No Rio, depois da tempestade, não vem a bonança, mas as desculpas esfarrapadas. O secretário municipal de Ordem Pública, por exemplo, disse que não alertou a população sobre a extensão do temporal para não criar pânico. Mas essa omissão acabou por permitir que se instalasse o caos sem aviso prévio. Às 18h da última terça-feira, quando o temporal já estava alagando a cidade, o Centro de Operações Rio (COR), criado para agir nas situações de emergência, lançou um boletim informando sobre uma frente fria trazendo chuva de moderada a forte. Nada sobre o risco de inundações. Se o alerta tivesse sido dado, provavelmente milhares de pessoas não teriam saído de carro e ficado presas dentro deles durante uma, duas horas, boiando em ruas transformadas em rios.

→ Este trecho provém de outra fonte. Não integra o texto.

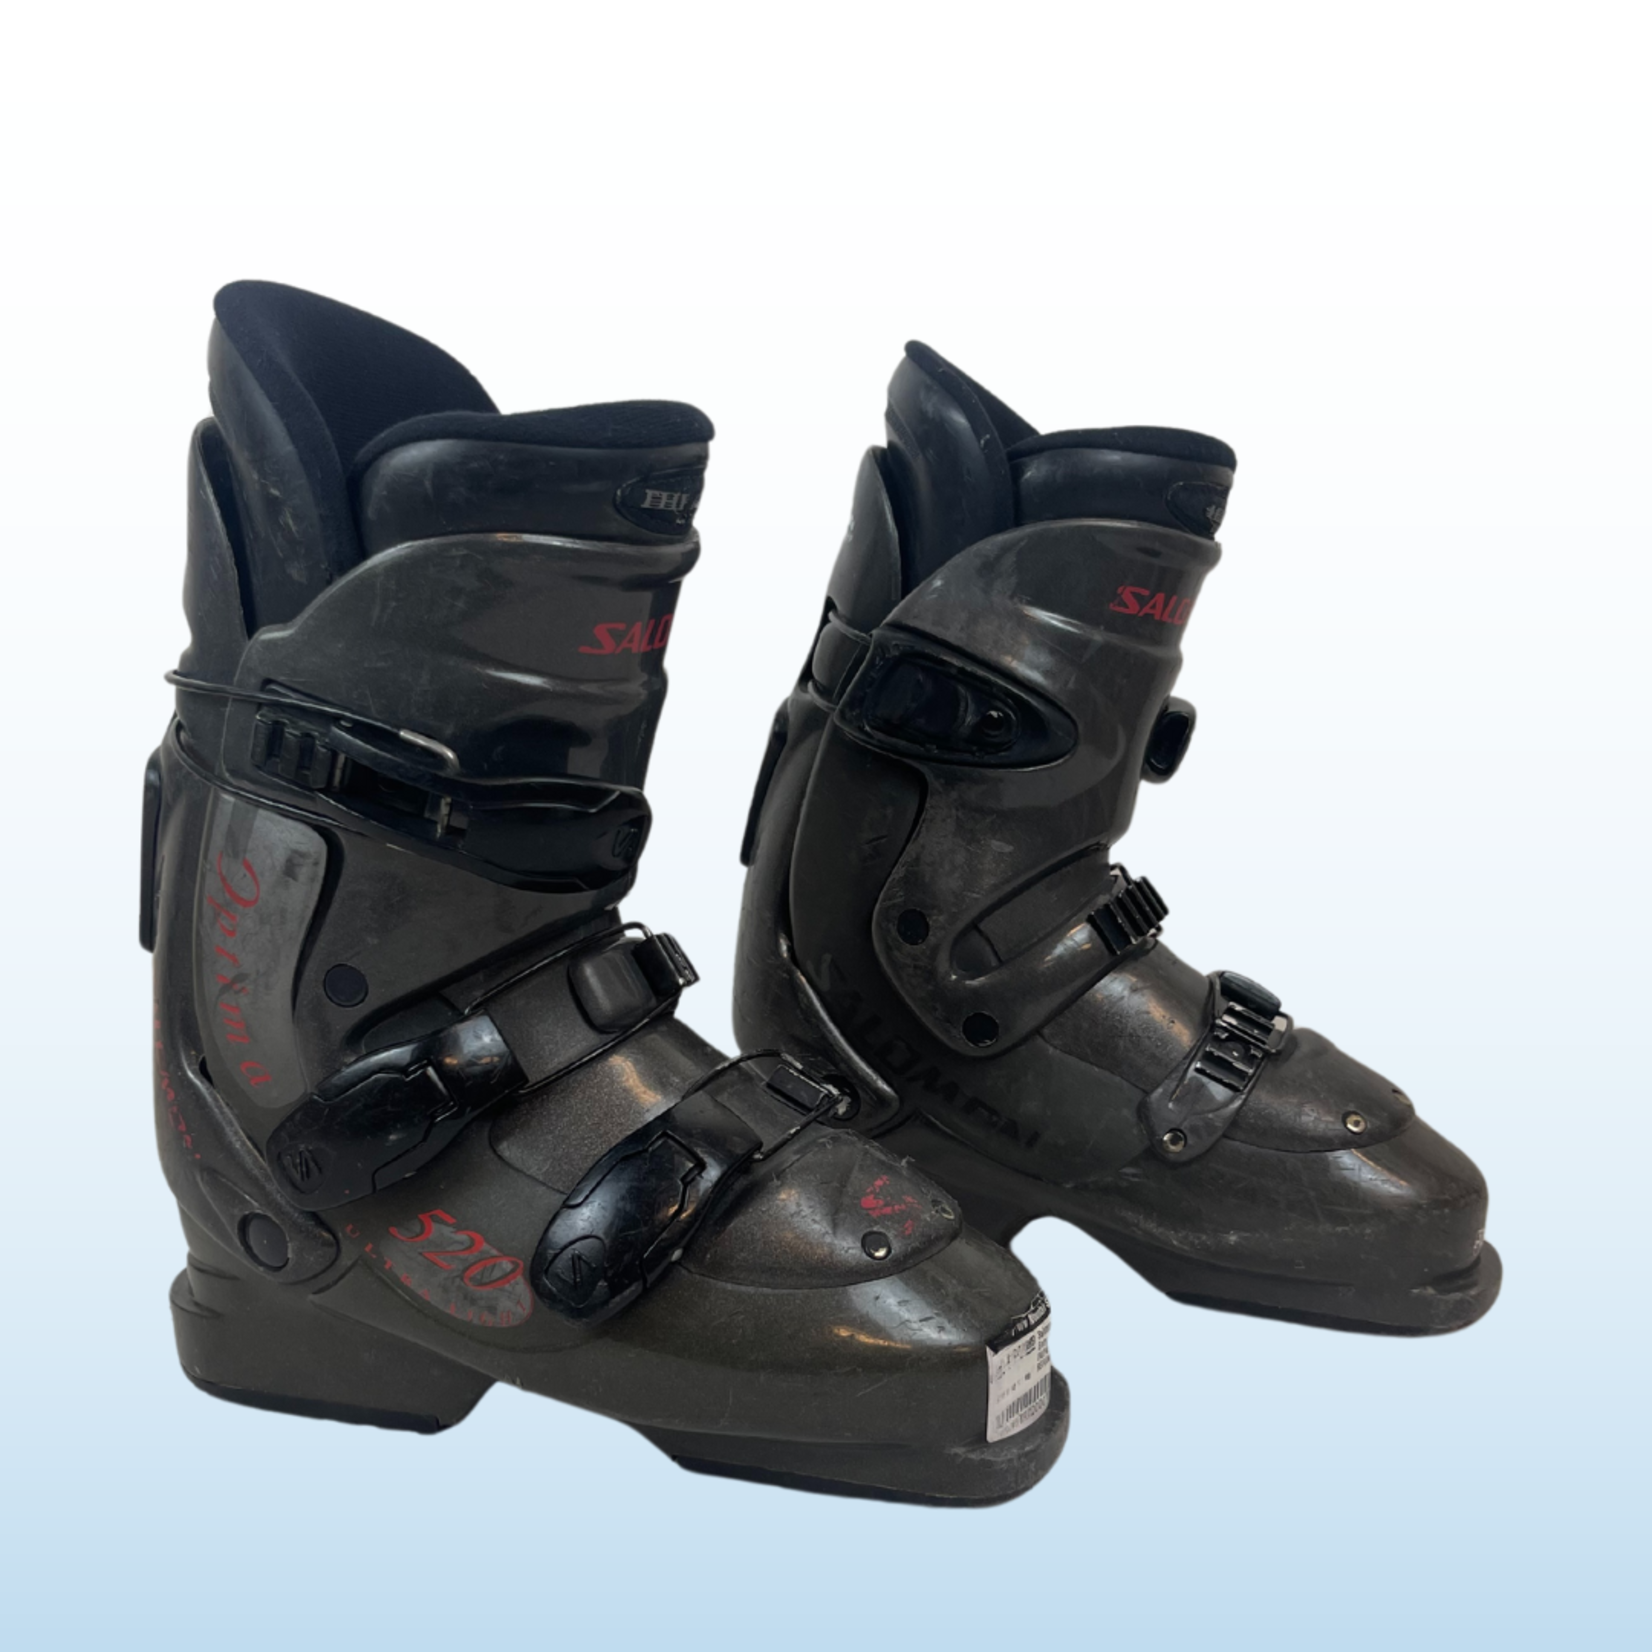 Salomon Salomon Symbio Rear Entry Ski Boots, Size 30  SOLD AS IS/NO REFUNDS/EXCHANGES
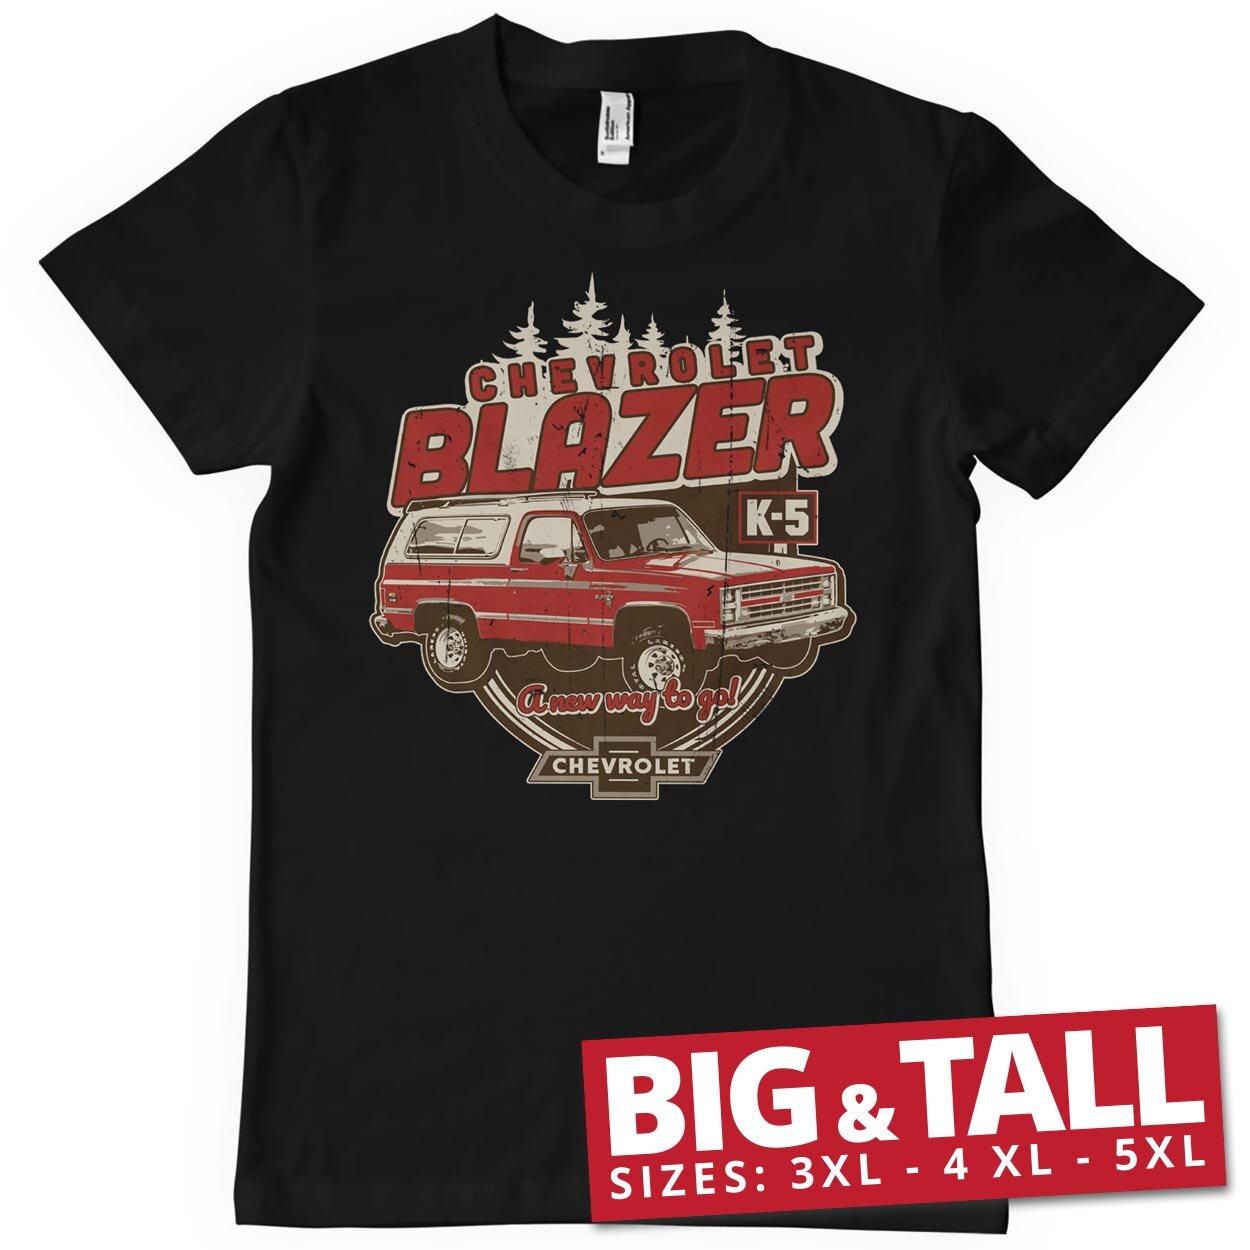 Chevrolet Blazer - A New Way To Go Big & Tall T-Shirt

No dia seguinte, quando a chuva já tinha cessado, mas as ruas continuavam alagadas por falta de manutenção do sistema de drenagem, o prefeito declarou, satisfeito: “A cidade passou no teste”. Como irônicas ilustrações dessa afirmação, apareciam na mesma página do jornal fotos das consequências do temporal: pessoas se aventurando a pé com água até o joelho sem saber onde estavam pisando, veículos insistindo inutilmente em vencer a correnteza. 

Uma moradora do Jardim botânico, cujo telhado da casa foi derrubado pela chuva, lamentava a perda dos aparelhos de TV, DVD, rádio e telefone. A mãe de três filhos pequenos contava que perdera a casa numa favela da Tijuca e tudo o que havia dentro, ficando apenas com a roupa do corpo. Diante dessas e outras cenas, era difícil entender a afirmação otimista do prefeito de que o Rio passara no teste — só se foi no teste de paciência para o carioca. Em mais um.

É verdade que ocorrências desse tipo são muito anteriores a Crivella. O historiador Alberto da Costa e Silva lembra que Dom João VI reclamava de não poder sair do palácio em São Cristóvão nos dias de chuva por causa das enchentes. A jornalista Ana Lucia Azevedo teve acesso a uma pesquisa ainda inédita mostrando que os temporais castigam a cidade desde fins do século XIX. A coordenadora do estudo, Claudine Dereczynski, concluiu que as chuvas fortes aqui “podem chegar a qualquer hora”, o que desmonta outra alegação oficial de que o temporal de agora foi “atípico”. 

Atípica foi a decisão do prefeito de não se constranger em propor à Câmara o extorsivo aumento de até 100% no IPTU de um contribuinte que não vê retornar em serviços o que paga em impostos. Por que então não cobrar o tributo dos mais de dois mil imóveis que desfrutam de isenção, em muitos casos injustificável. 

A pergunta que tenho ouvido muito: “Quem sai primeiro, Pezão ou Temer?”